**WORK TASK:** The entries contain pictures, which should not appear in the copy; everything else must be reproduced exactly.
(Beginning of SUPPLIED RECORDS)
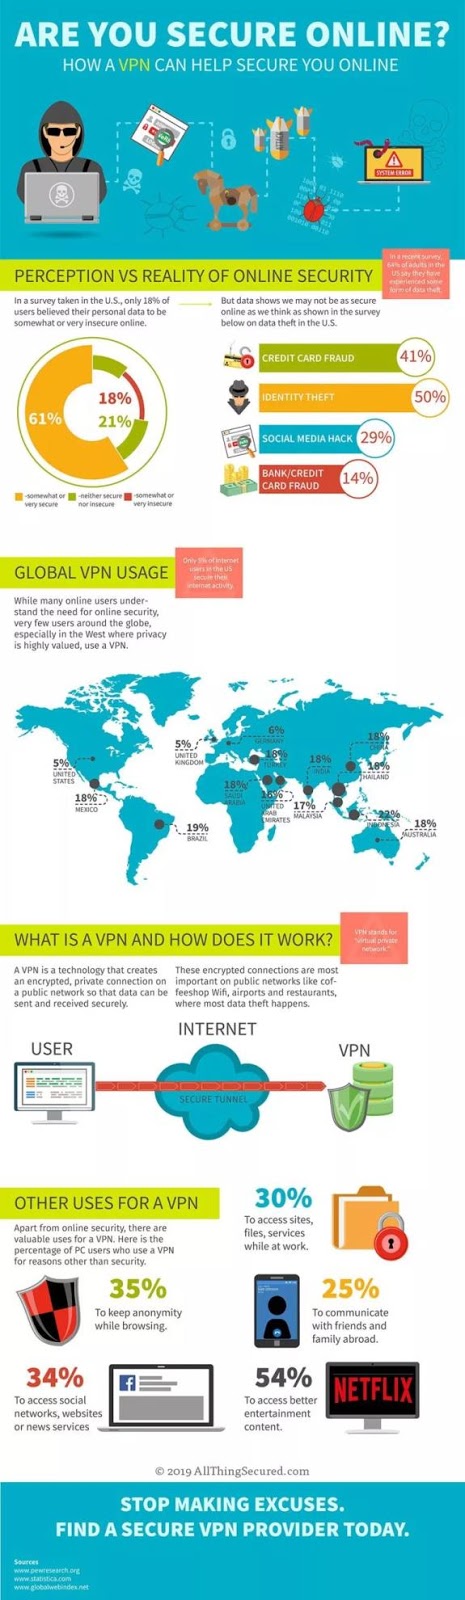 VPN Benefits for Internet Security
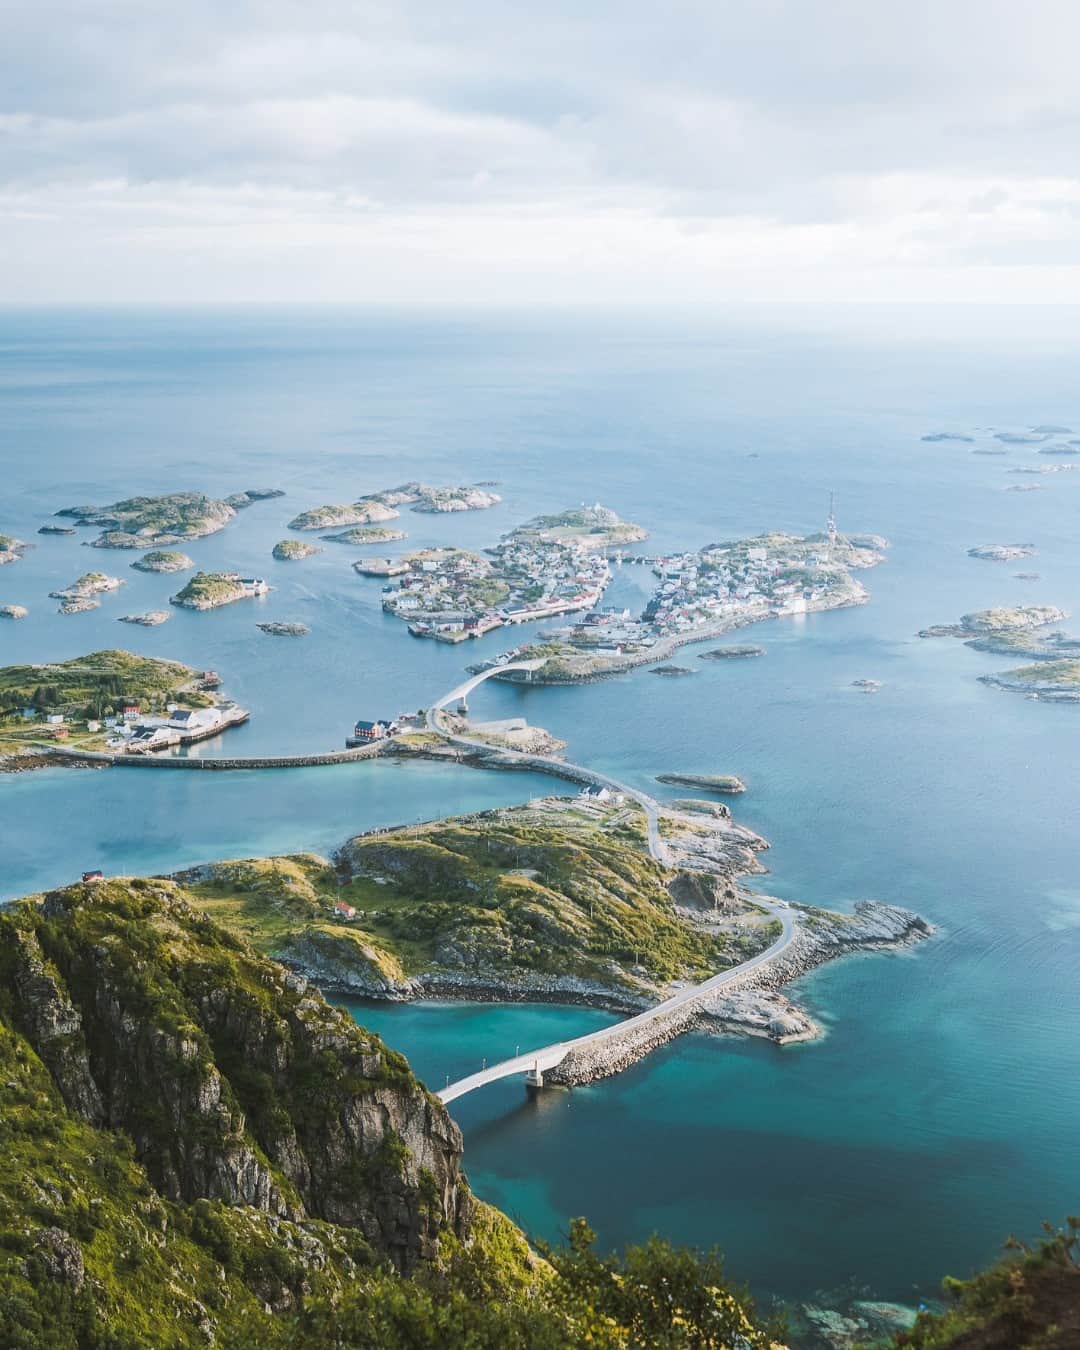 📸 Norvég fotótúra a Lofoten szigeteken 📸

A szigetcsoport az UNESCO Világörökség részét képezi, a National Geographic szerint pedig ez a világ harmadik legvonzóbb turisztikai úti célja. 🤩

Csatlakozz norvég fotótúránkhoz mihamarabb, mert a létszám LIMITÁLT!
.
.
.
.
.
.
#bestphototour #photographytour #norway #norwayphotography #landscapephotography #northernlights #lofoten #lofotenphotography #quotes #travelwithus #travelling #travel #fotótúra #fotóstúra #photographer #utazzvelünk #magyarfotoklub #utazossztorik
(End of SUPPLIED RECORDS)
**ANSWER TO THIS EXERCISE:**
 VPN Benefits for Internet Security
 📸 Norvég fotótúra a Lofoten szigeteken 📸

A szigetcsoport az UNESCO Világörökség részét képezi, a National Geographic szerint pedig ez a világ harmadik legvonzóbb turisztikai úti célja. 🤩

Csatlakozz norvég fotótúránkhoz mihamarabb, mert a létszám LIMITÁLT!
.
.
.
.
.
.
#bestphototour #photographytour #norway #norwayphotography #landscapephotography #northernlights #lofoten #lofotenphotography #quotes #travelwithus #travelling #travel #fotótúra #fotóstúra #photographer #utazzvelünk #magyarfotoklub #utazossztorik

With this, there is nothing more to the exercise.